Predictive Factors on the Incidence of Heart Failure in Patients with Ischemic Heart Disease: Using a 10-Year Population-Based Korea National Health Insurance Cohort Dataopen access
- Authors
- Hwang, Seon Young; Kim, Kyung Ae; Choi, Oh Jong
- Issue Date
- Nov-2020
- Publisher
- MDPI
- Keywords
- coronary artery disease; myocardial ischemia; heart failure; risk factors
- Citation
- INTERNATIONAL JOURNAL OF ENVIRONMENTAL RESEARCH AND PUBLIC HEALTH, v.17, no.22, pp.1 - 9
- Indexed
- SCIE
SSCI
SCOPUS
- Journal Title
- INTERNATIONAL JOURNAL OF ENVIRONMENTAL RESEARCH AND PUBLIC HEALTH
- Volume
- 17
- Number
- 22
- Start Page
- 1
- End Page
- 9
- URI
- https://scholarworks.bwise.kr/hanyang/handle/2021.sw.hanyang/144417
- DOI
- 10.3390/ijerph17228670
- ISSN
- 1661-7827
- Abstract
- Early risk stratification and preventative strategies are required in patients with ischemic heart disease (IHD) to prevent heart failure (HF).

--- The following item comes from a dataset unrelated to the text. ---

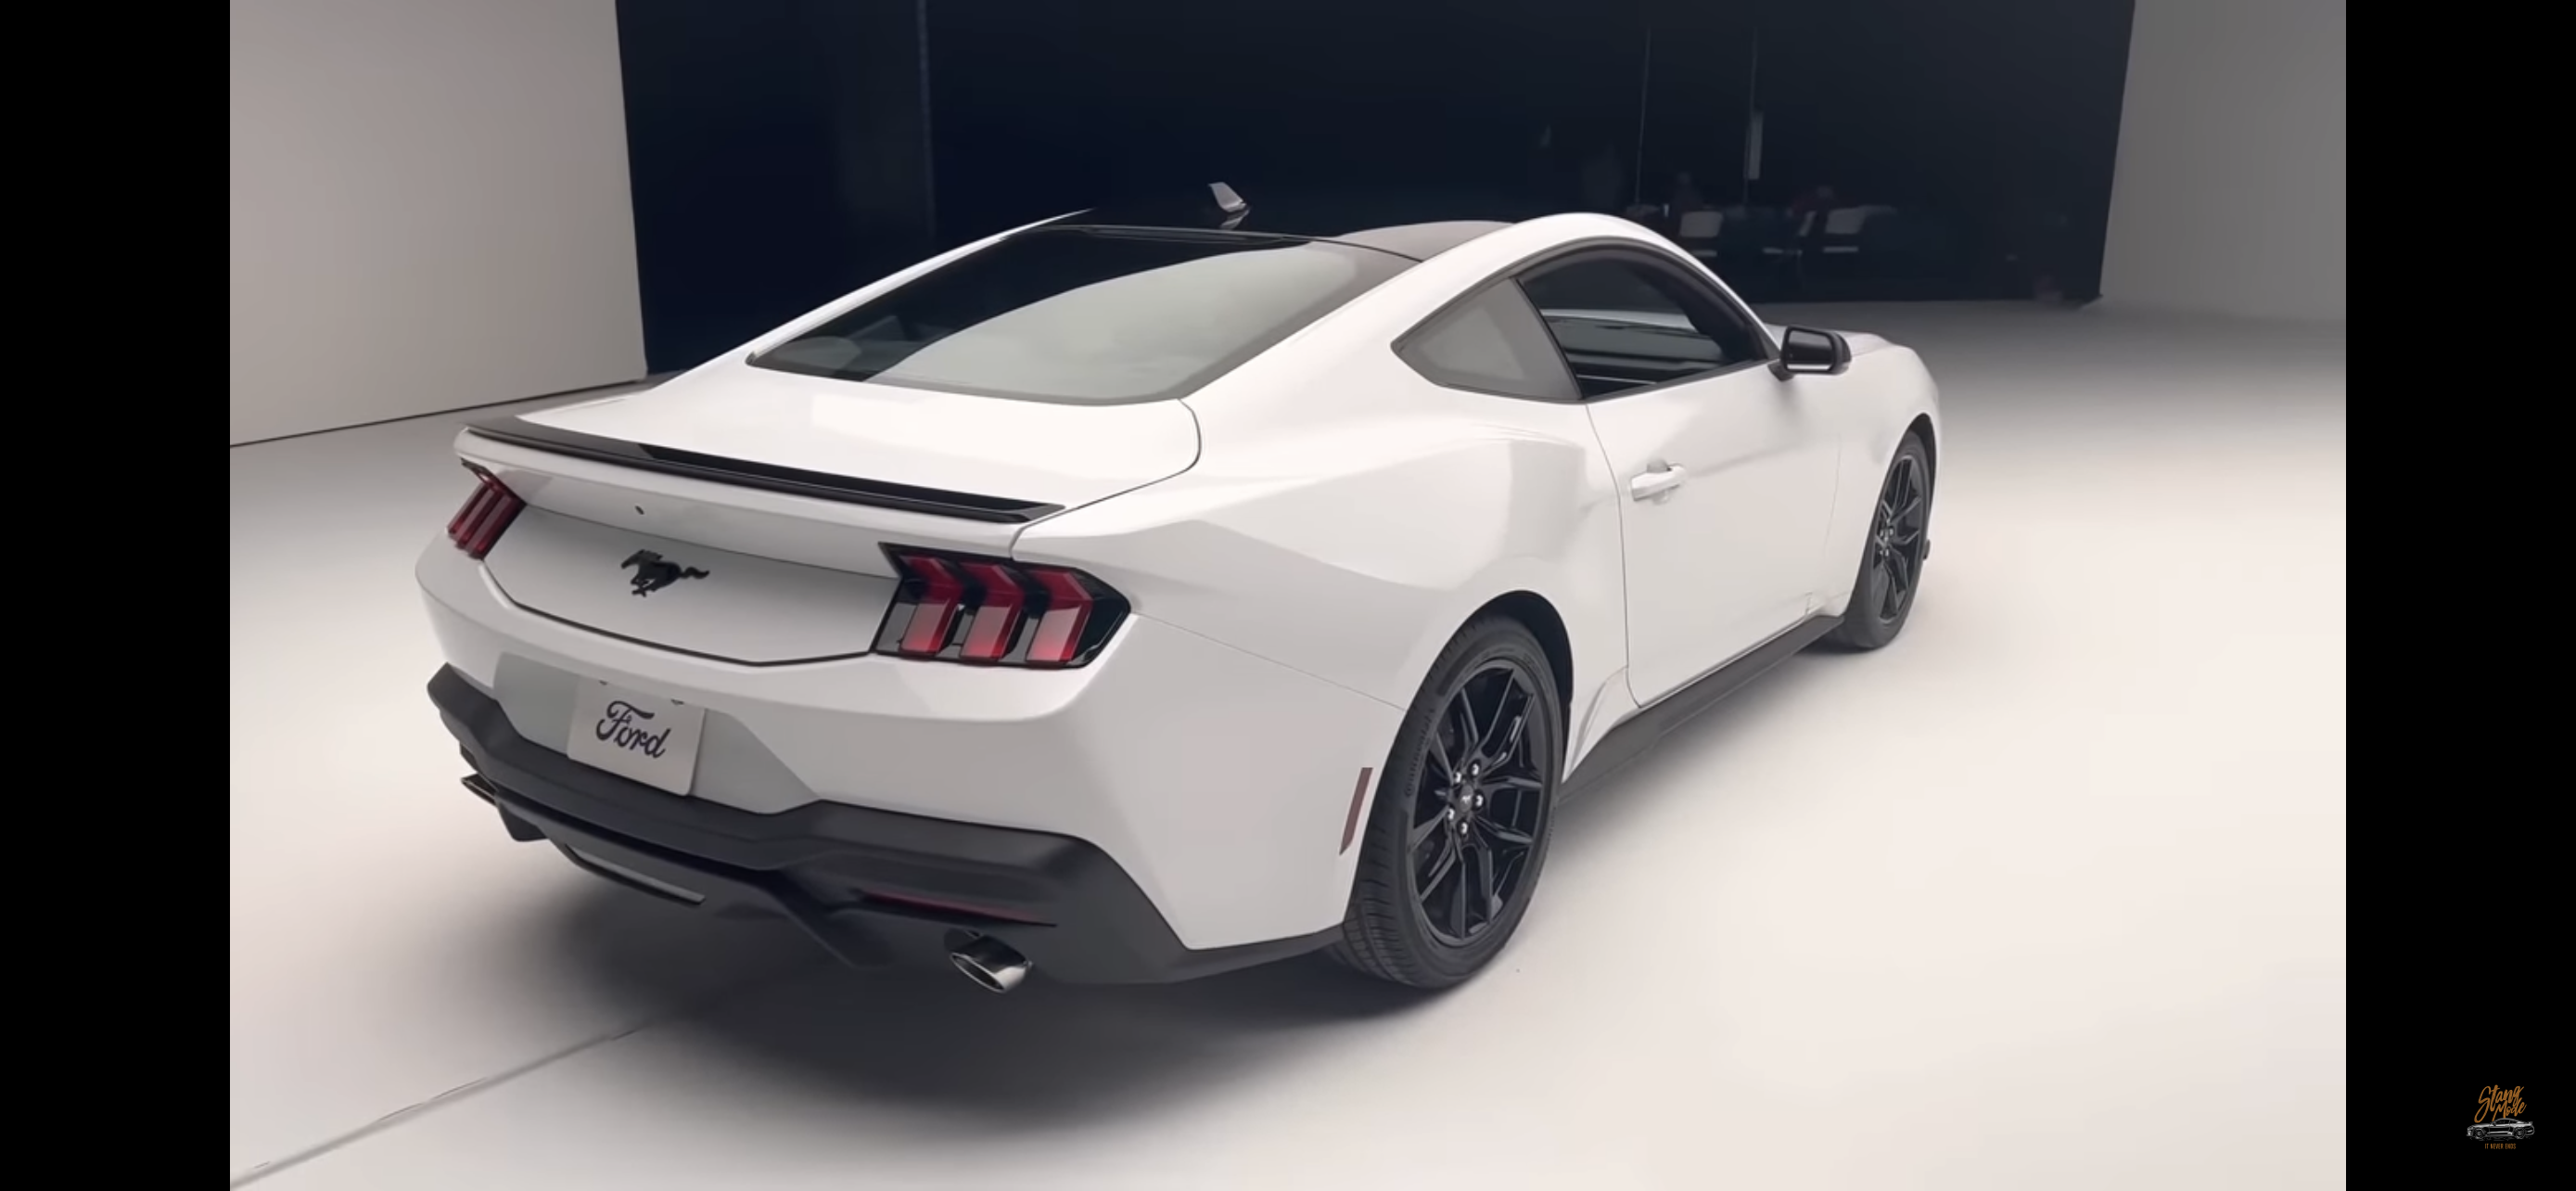 S650 Mustang Does anyone have a general idea what a "blade spoiler" will look like? My order sheet says blade spoiler but.... 76B48ADE-B02D-4912-AA0F-B219AB351092

We aimed to investigate the rate of progression to HF and to investigate the factors predicting the development of HF in a population with IHD for 10 years. A descriptive study was conducted using Korea National Health Insurance Service-National Sample Cohort (NHI-NSC) data (2005-2015). Among the patients diagnosed with IHD for the first time in 2005-2006, 2271 men and 2037 women who responded to the health check-up survey were finally selected. Cox Proportional Hazard regression analyses and the Kaplan-Meier survival analysis were used. HF incidence rates were 5.1% in men and 8.0% in women. The mean duration of transition to HF was 4.85 ± 2.73 years in men and 4.73 ± 2.73 years in women. The non-incidence rate of HF was higher in men than in women (Log-rank test, p = 0.0003). Bivariate analyses showed that older age, prevalence of hypertension and diabetes, less alcohol, and lower physical exercise were associated with the incidence of HF in both men and women. Multivariate analyses found that HF incidence in aged subjects ≥70 years was 1.46 times higher in men and 1.44 times higher in women compared to those in their 30 s (p < 0.001). Prevalence of hypertension reduced the incidence of HF by 0.78 and 0.87 for men and women, respectively. The prevalence of diabetes increased 1.23 times only in men. These findings suggest that special attention such as periodic counseling and education is needed to prevent progression to HF in elderly and diabetic patients during follow-up after IHD.